Q. How do I get to the Mesos web UI?
A. If you set up a jumpbox, run your browser on the juimpbox, and browse to http://10.0.0.5:5050/. If you did not set up a jumpbox, the easiest way is to use SSH port forwarding as a SOCKS proxy. From your local machine, run
ssh <youruser>@<yourcluster>.<yourzone>.cloudapp.azure.com -p 2211 -D8080, and then set your browser to use the SOCKS proxy this creates at
localhost:8080 (perhaps with a proxy switcher extension). Then, browse to http://10.0.0.5:5050/. Make sure to turn off the proxy when you close your SSH session, or your browser won't be able to load any pages. Also note that this routes all your web traffic through Azure.

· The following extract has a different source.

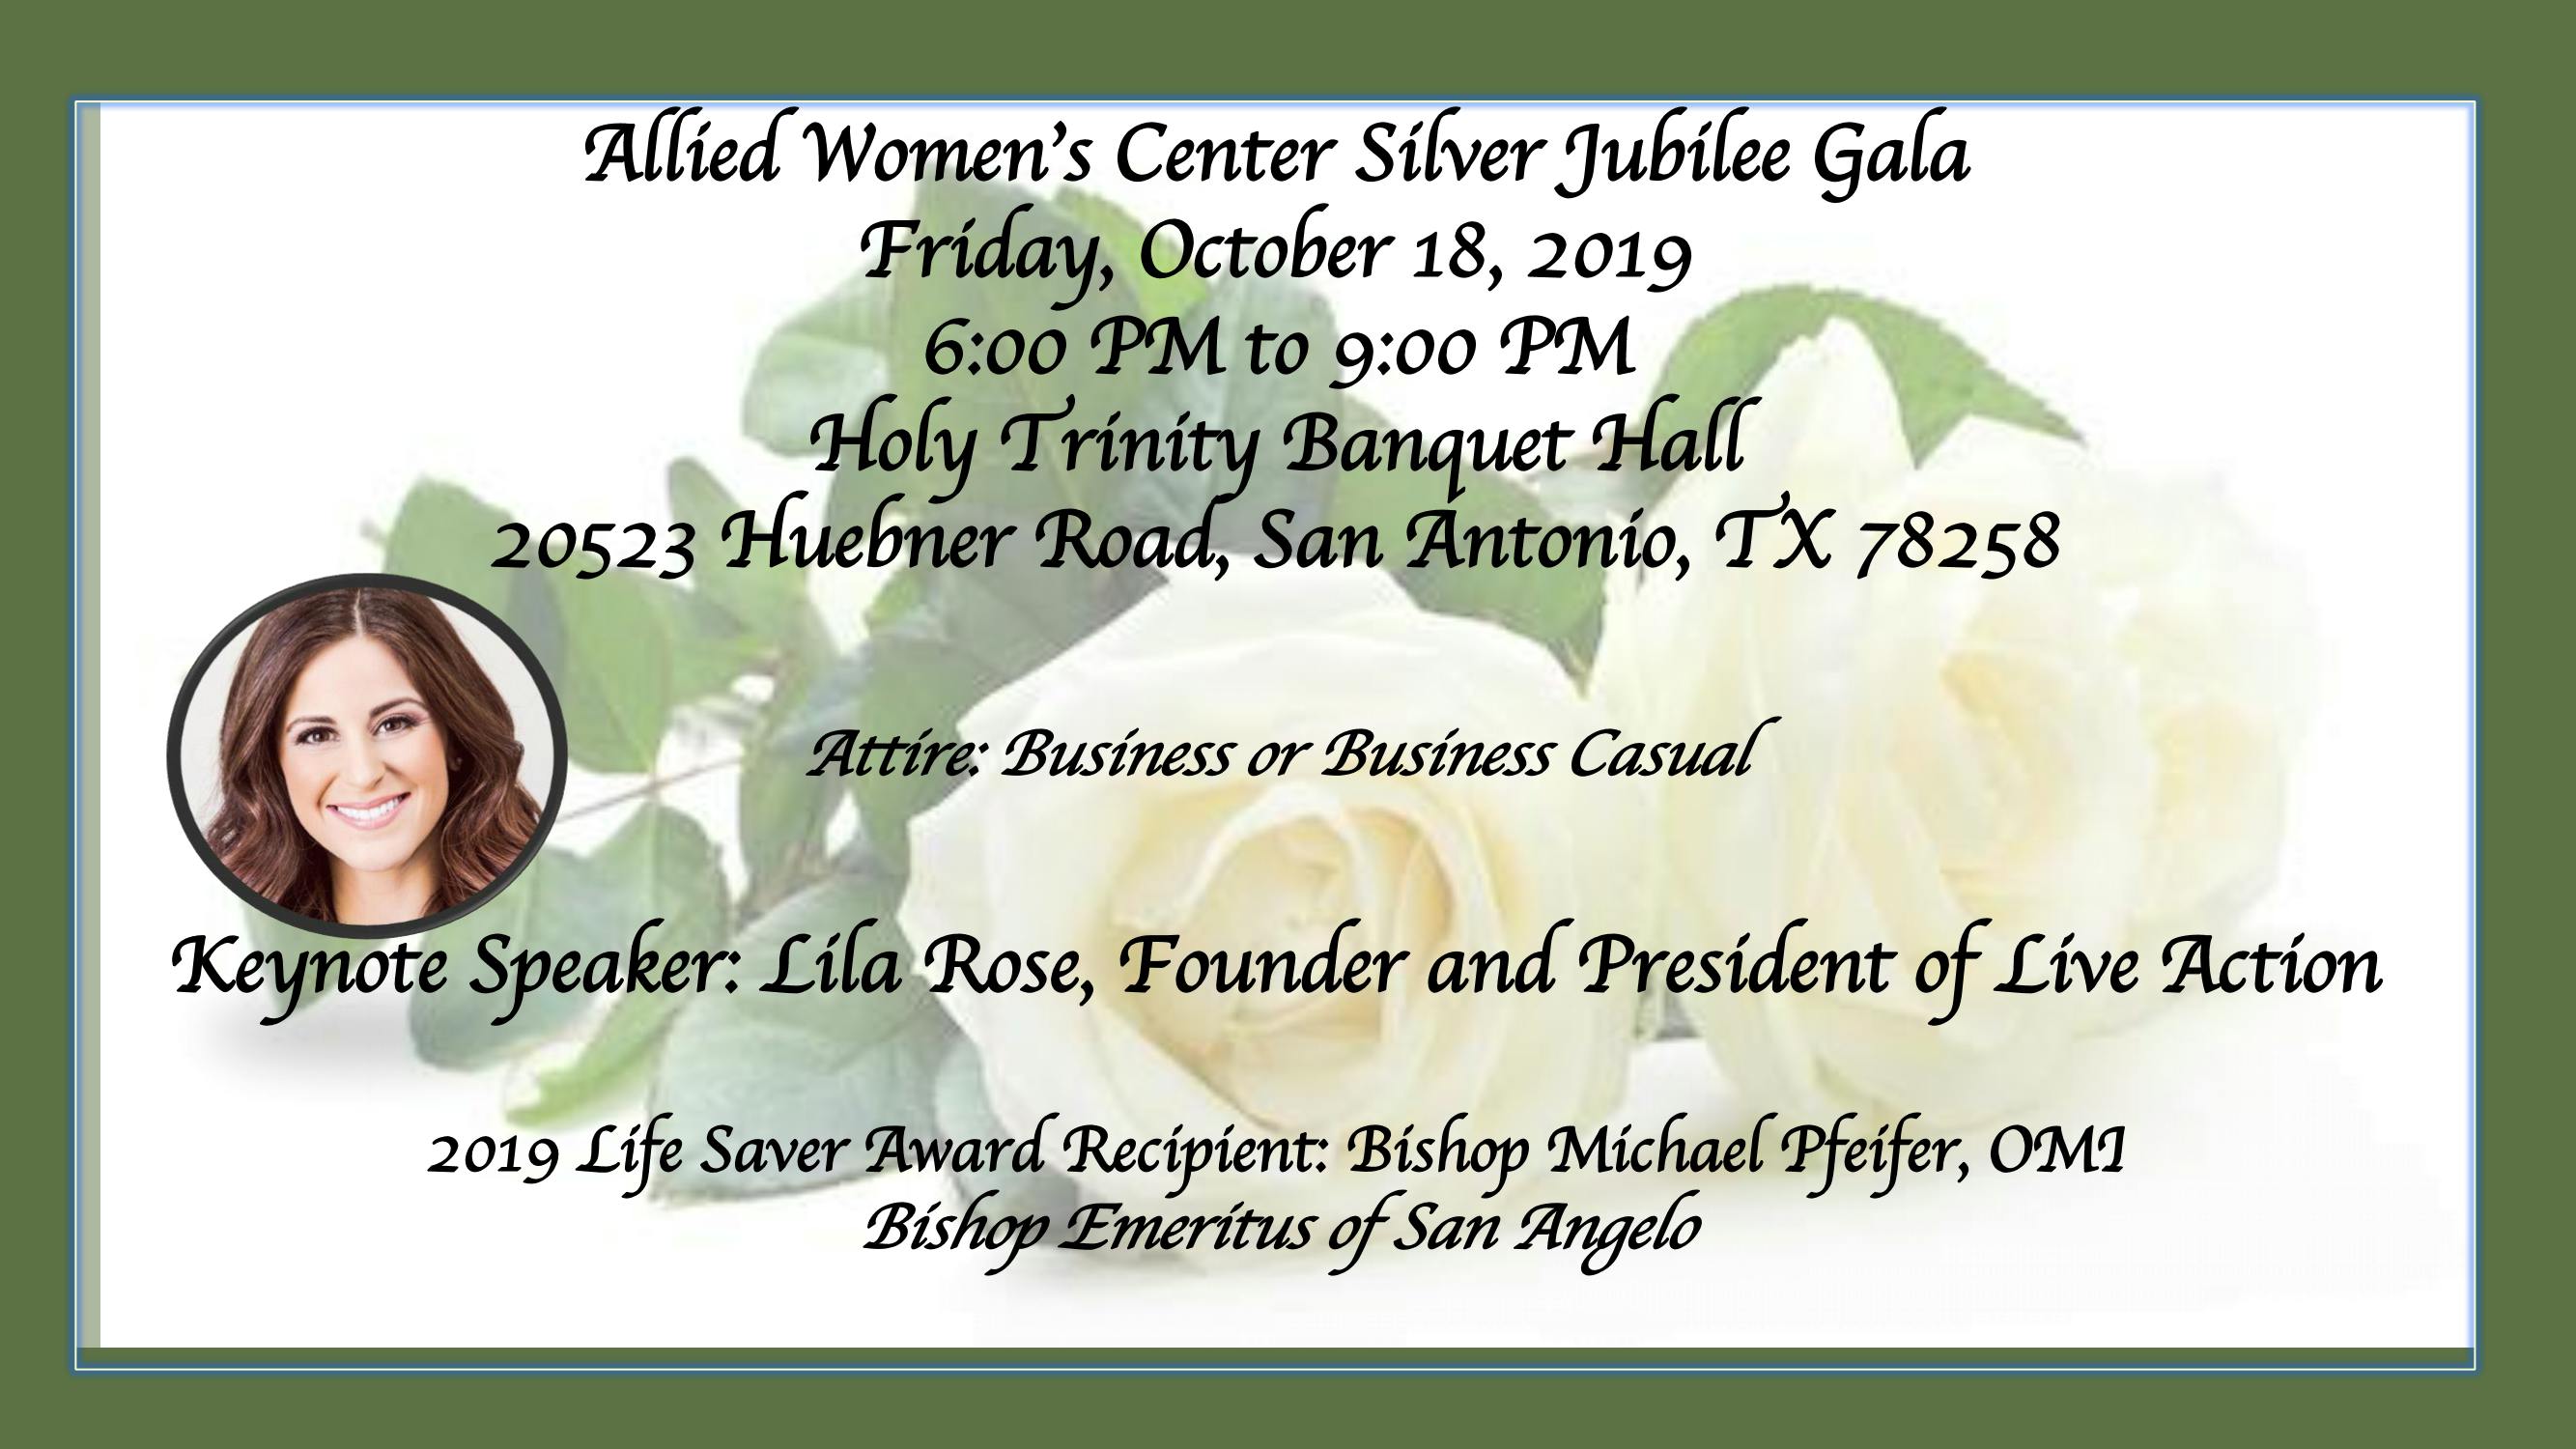 Allied Women's Center Silver Jubilee Gala

Q. How do I get to the slave pages in the Mesos web UI?
A. You're probably using the proxy method above. Make sure your browser is doing DNS through the proxy. The Mesos web UI expects to be able to resolve names like
yourclusteragent1, which you probably can't do on your machine. In Firefox, you need to set
Q. My cluster just completed but Mesos is not up/has no slaves!
A. That's not a question either. But after your template finishes, your cluster is still running installation. That installation might fail, if bugs still exist in the setup code or if needed Internet resources disappear. You can run "tail -f /var/log/azure/cluster-bootstrap.log" on each master or agent to see how the installation is going and what might have gone wrong.